Can prompt injection in AI browsers be fixed with better instructions or system prompts?

Not reliably. The model receives page content and user instructions through the same channel, so an instruction embedded in a web page looks identical, at the token level, to an instruction from the user. Every defence built on telling the model to ignore untrusted content has been bypassed within weeks of release.

Should a company just ban AI browser agents outright?

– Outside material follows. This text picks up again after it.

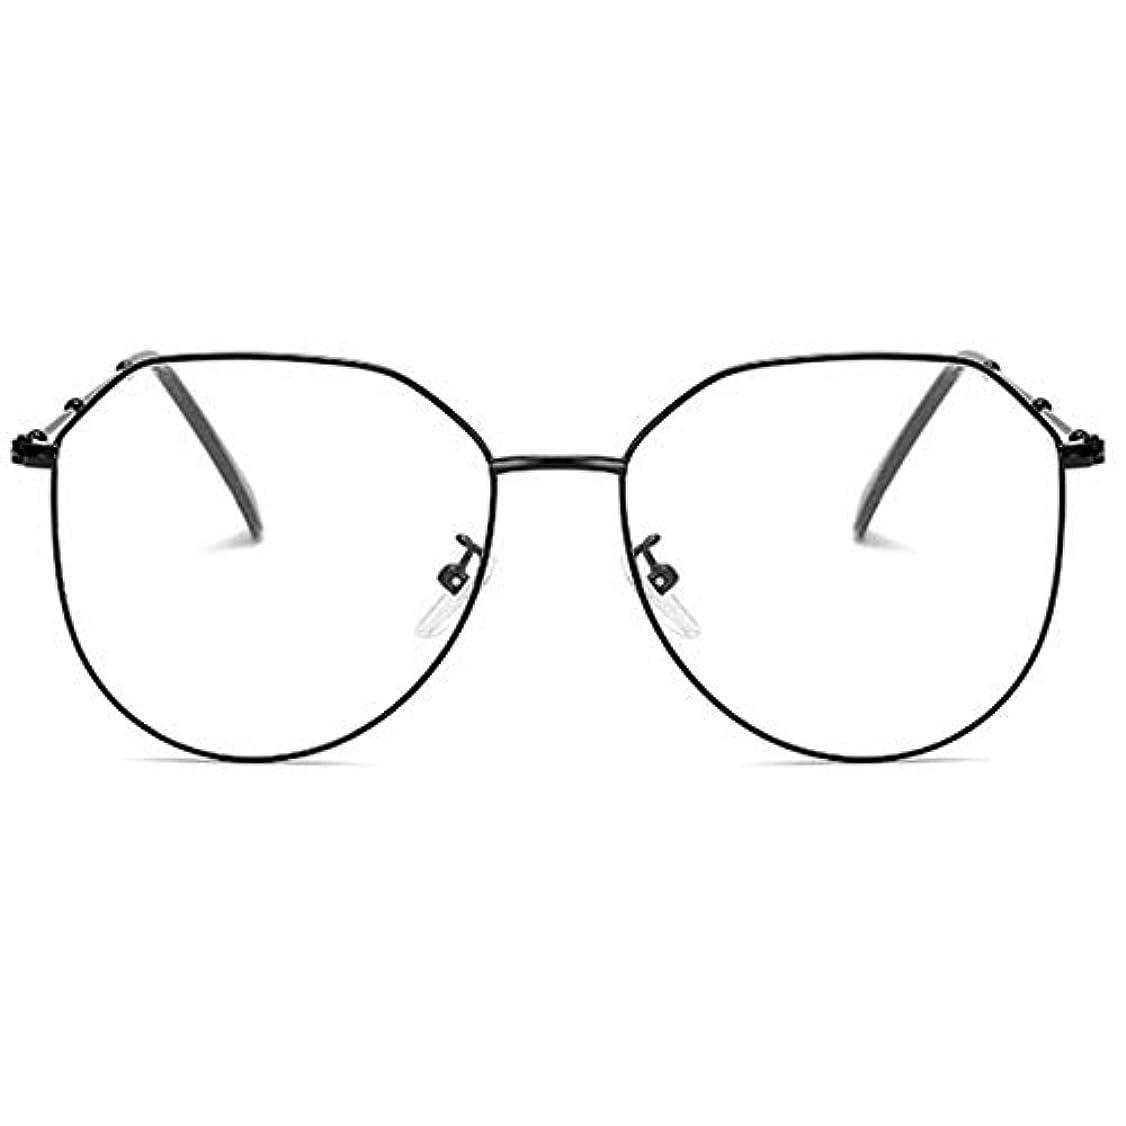 オークション波紋ボランティア放射線防護アンチブルーライト男性女性メガネ軽量金属フレームプレーンミラーレンズアイウェアメガネ-ブラック

Banning often pushes the behaviour underground rather than removing the risk, as employees switch to personal accounts on personal devices with no logging and no scoping at all. Scoping what each agent session can reach, requiring confirmation for sensitive actions, and keeping the most sensitive credential stores out of reach is a more durable approach than a blanket ban.

Is this the same vulnerability as the prompt injection risks in MCP-based agents?

It’s the same underlying mechanism, an agent that can’t separate trusted instructions from untrusted content, applied to a different surface. MCP-based agents face it through tool definitions and server responses; browser agents face it through web pages, calendar invites and any text the agent reads. The mitigation principles, least privilege, confirmation and isolation, are the same in both cases.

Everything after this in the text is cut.